Josh Gattis told his players a story this week.

He recalled a time, three years ago, when his Penn State group sputtered out of the gate. The Nittany Lions lost by three to Pittsburgh early in the year, before traveling on the road and getting shellacked by Michigan, 49-10. They took that adversity and responded, ripping off nine straight wins en route to a Big Ten title and a Rose Bowl appearance.

The underlying parallels to this Wolverines group were clear: a talented team, a scuffle out of the gate, a sobering road loss, a moment of reflection. It is possible, the thinking goes, for this team to respond and make something of this year.

“Sometimes adversity is something that you never want to use to bond your guys together,” Gattis said Wednesday, “but it’s something that forms a bond.”

For Josh Gattis, crucially, that is where the 2016 Penn State parallels diverge. He is not a mere wide receivers coach. This is his offense. It has been from the moment he took the job. And with that comes the responsibility of its failures. 

“Being the guy that’s in charge, I hurt when I’m not able to see those guys have that success,” Gattis said. “I take it very personal just as (the players) take it personal.”

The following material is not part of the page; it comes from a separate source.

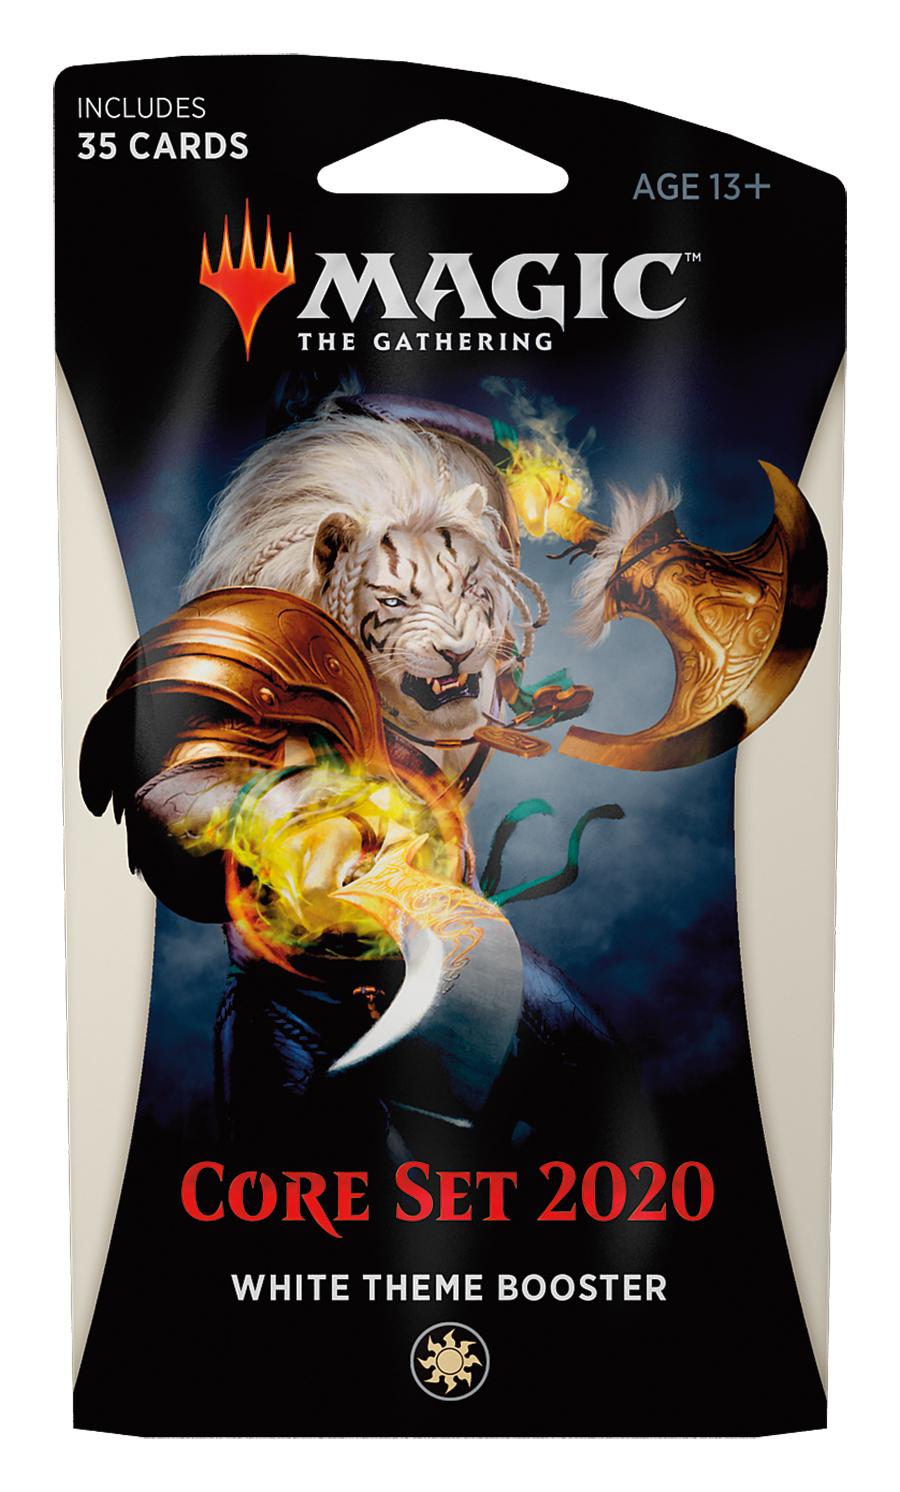 Magic The Gathering: Core Set 2020 White Theme Booster image
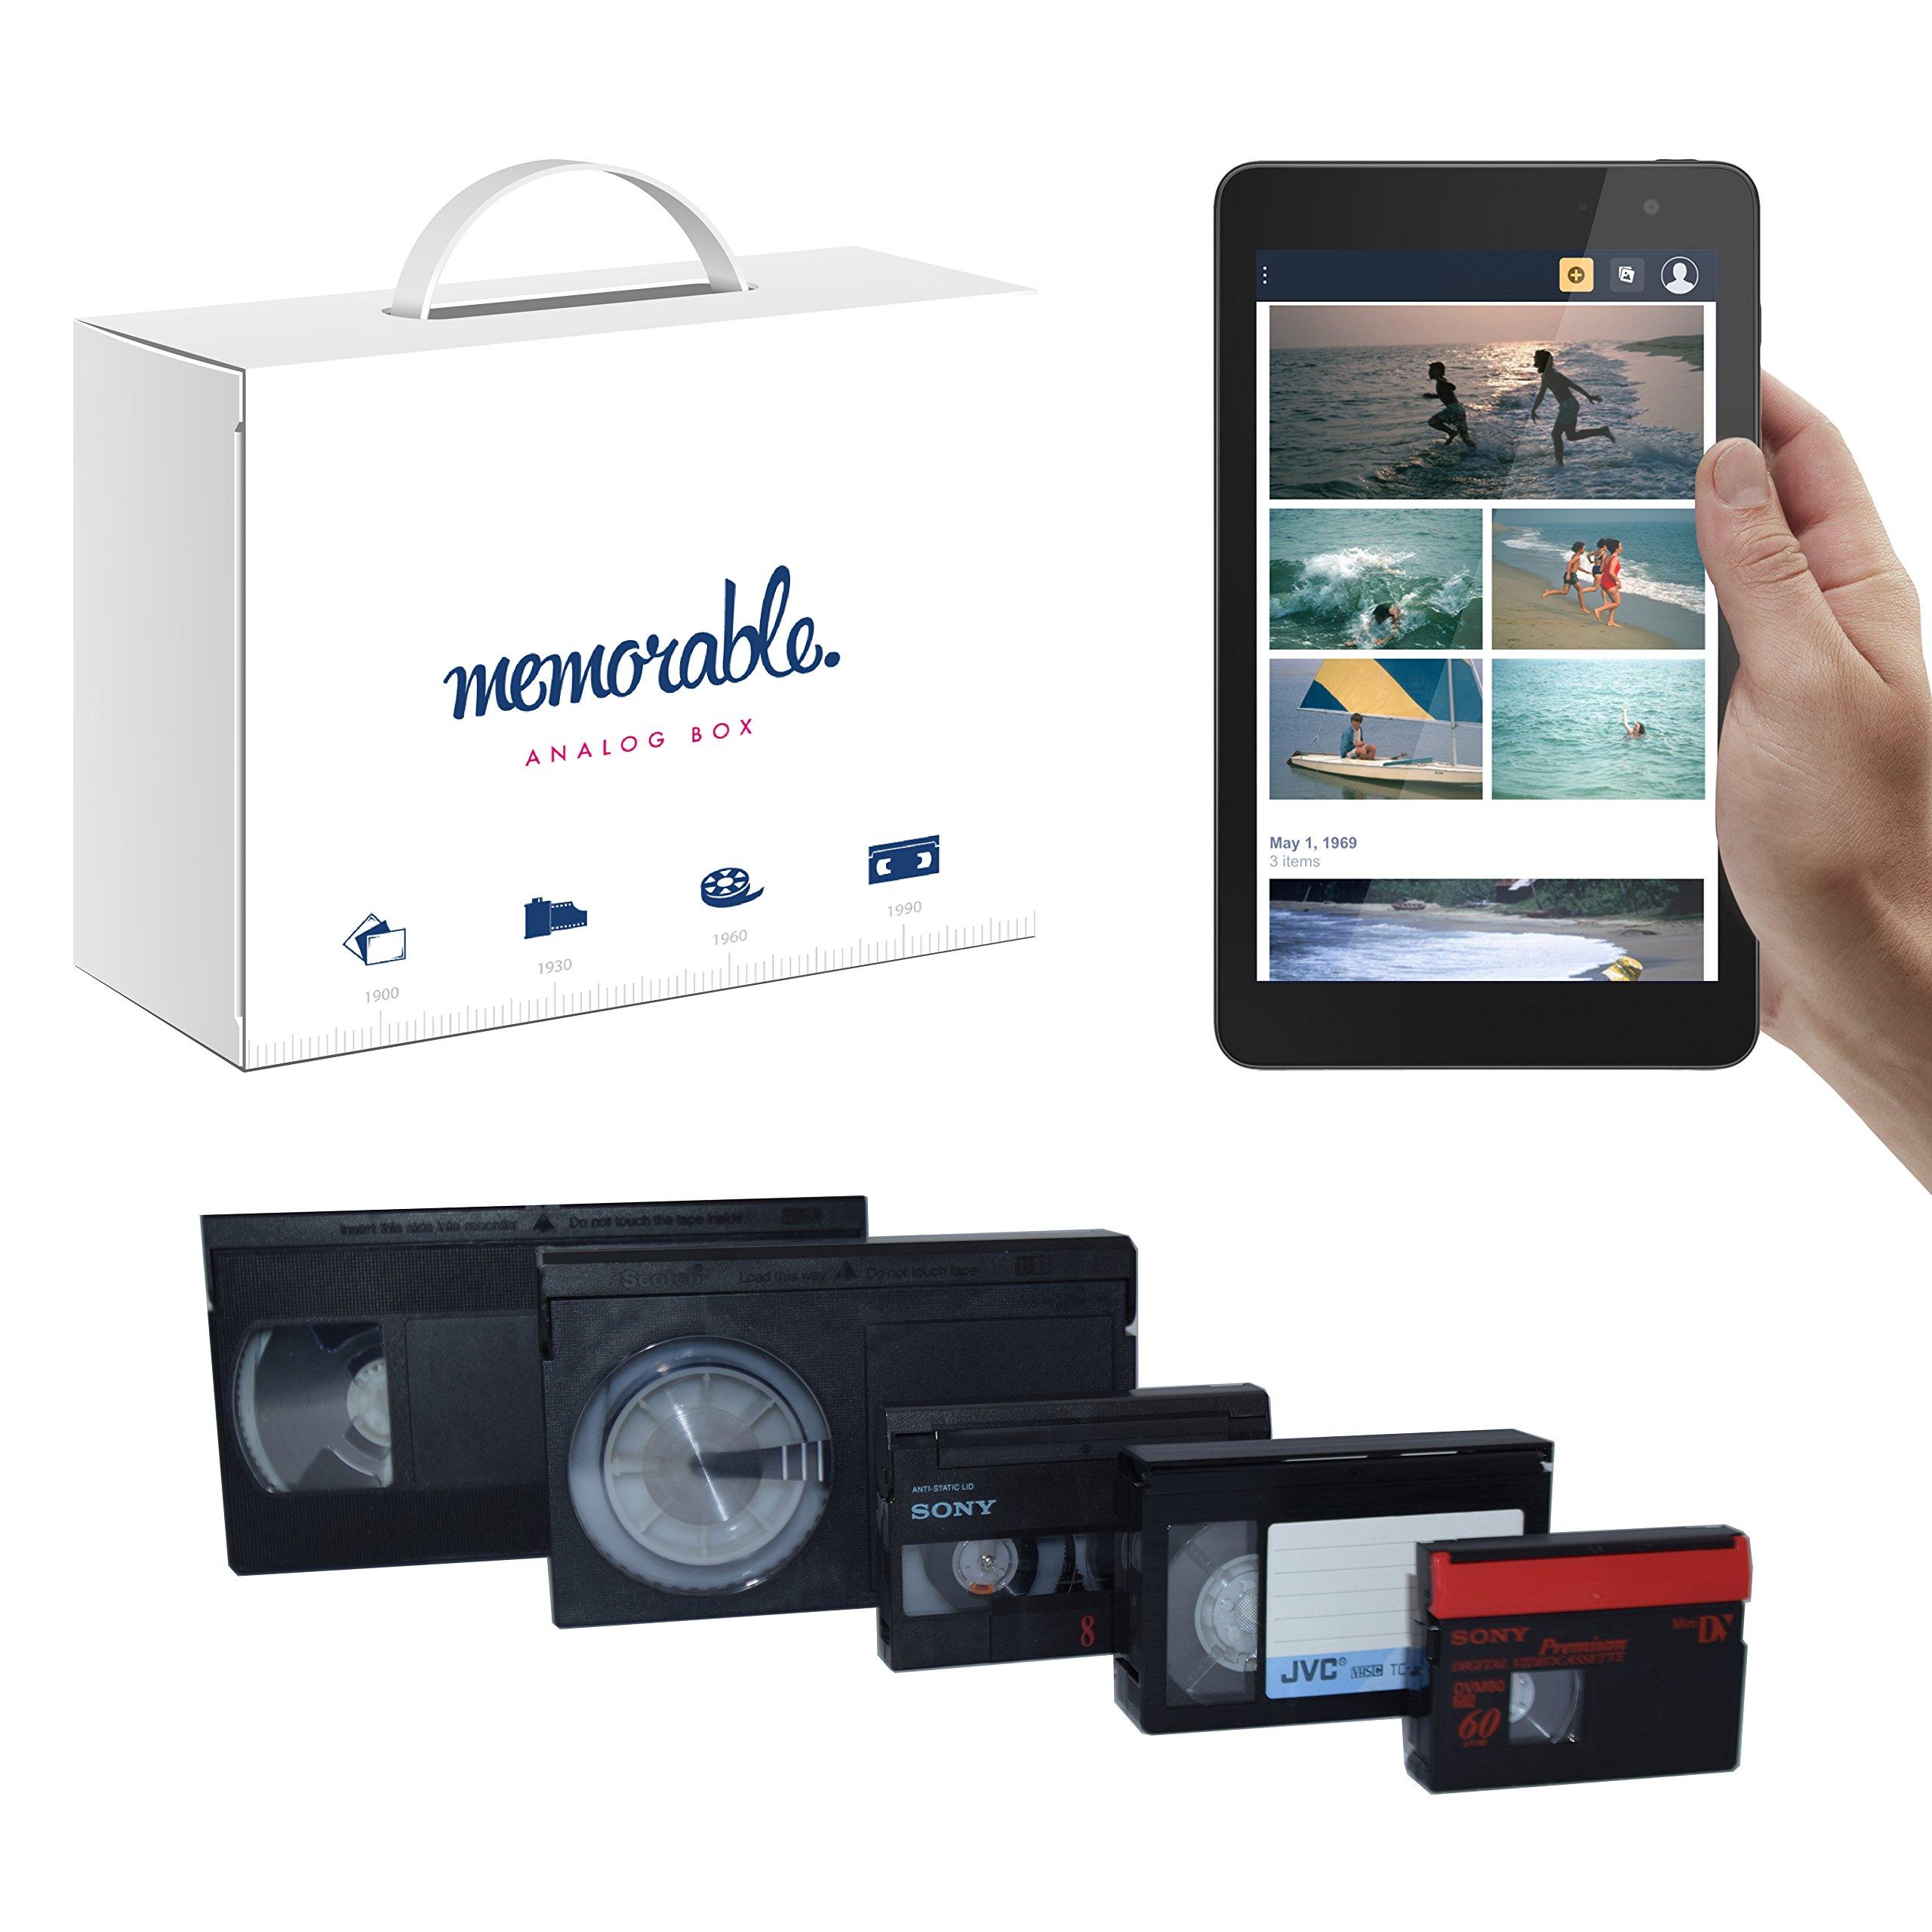 Memorable Video Transfer Service (VHS, 8mm, Hi-8, MiniDV) to Prime Photos - 1 Tape

After three weeks, Gattis’ offense, expected to bring the dawn of a new era, has appeared to be some combination of ill-conceived and ill-prepared. The unit showed signs of vertical ability against Middle Tennessee State, but ultimately struggled to sustain consistency throughout the game. Against Army, the offense was suddenly devoid of the creativity it promised, hammering inside zone into oblivion. Last week against Wisconsin, the Wolverines failed to convert a third down for the first time since at least 1995. Through three weeks, Michigan is 116th of 130 teams in yards gained, 91st in points and 104th in offensive efficiency, according to ESPN. Nine turnovers haven’t helped, either.

But if you’ve watched any significant portion of the Wolverines’ first three games, you don’t need that empirical data to parse through what’s painfully obvious: This offense has been a mess.

The promised spread has turned into muddled ineptitude. The impending RPO cascade has bewildered its signal-caller, Shea Patterson, not to mention imperiled his health. All the while, the most talented weapons on the offense have been indisputably underutilized. To an untrained eye, Gattis appears to have outsmarted himself. The result is a unit that, even its own players say, has no discernible identity. 

Sometimes a cute hashtag is just that.

And now, Gattis faces a moment of truth — a point of inflection, perhaps. A dose of reality, no doubt. Asked Tuesday whether anything has taken him by surprise in his first few weeks as an offensive coordinator, he offered a rhetorical chuckle.

“A lot,” Gattis said.

If the bye week hadn’t already done so, the 35-14 drubbing at Wisconsin on Saturday poured cold water on the hype. Monday, Gattis put together a 100-play cut-up, both for his own viewing and ultimately to pass along to players. It included every negative play the unit has accrued thus far. For each play, he showed his team what happens when it’s run correctly and what happens when it isn’t.

“For us, offensively, it’s a consistency deal,” Gattis said. “There hasn’t been a lot thrown at them that they haven’t previously had experience with. There's some things that we’re still carrying over from last year.”

On Monday, Michigan coach Jim Harbaugh did not waver on his faith in his new offensive play-caller. It’s clear, for whatever it’s worth, that Gattis hasn’t lost faith in himself, either. 

There is a learning curve to all of this — calling plays, directing an offense — that Gattis never had the luxury to adjust to. When you’re pegged as the savior of a woebegone unit, the vessel through which this program intended to enter the modern era, that pressure mounts quickly.

Still, even the most staunch pessimists couldn’t have seen that breaking point come this early.

To Gattis’ credit, he stood in front of the media Wednesday and answered every question. He didn’t deflect. Didn’t excuse anything. He assumed the blame, and assured they’d turn things around. At this point, it would be as unwise to relinquish hope in Gattis as it would to assume a breakthrough is imminent.

Sure, this team could be a redux of 2016 Penn State. It could just as easily mirror the 2017 Michigan team that went 8-5, a low point of the Harbaugh era.

“When you go through the pressure situation, it only makes you tighter,” Gattis said. “I believe in every single one of our players.”

The real question now, though, is whether those players feel the same about him. Because if they don’t, this house of cards will come tumbling down sooner than later.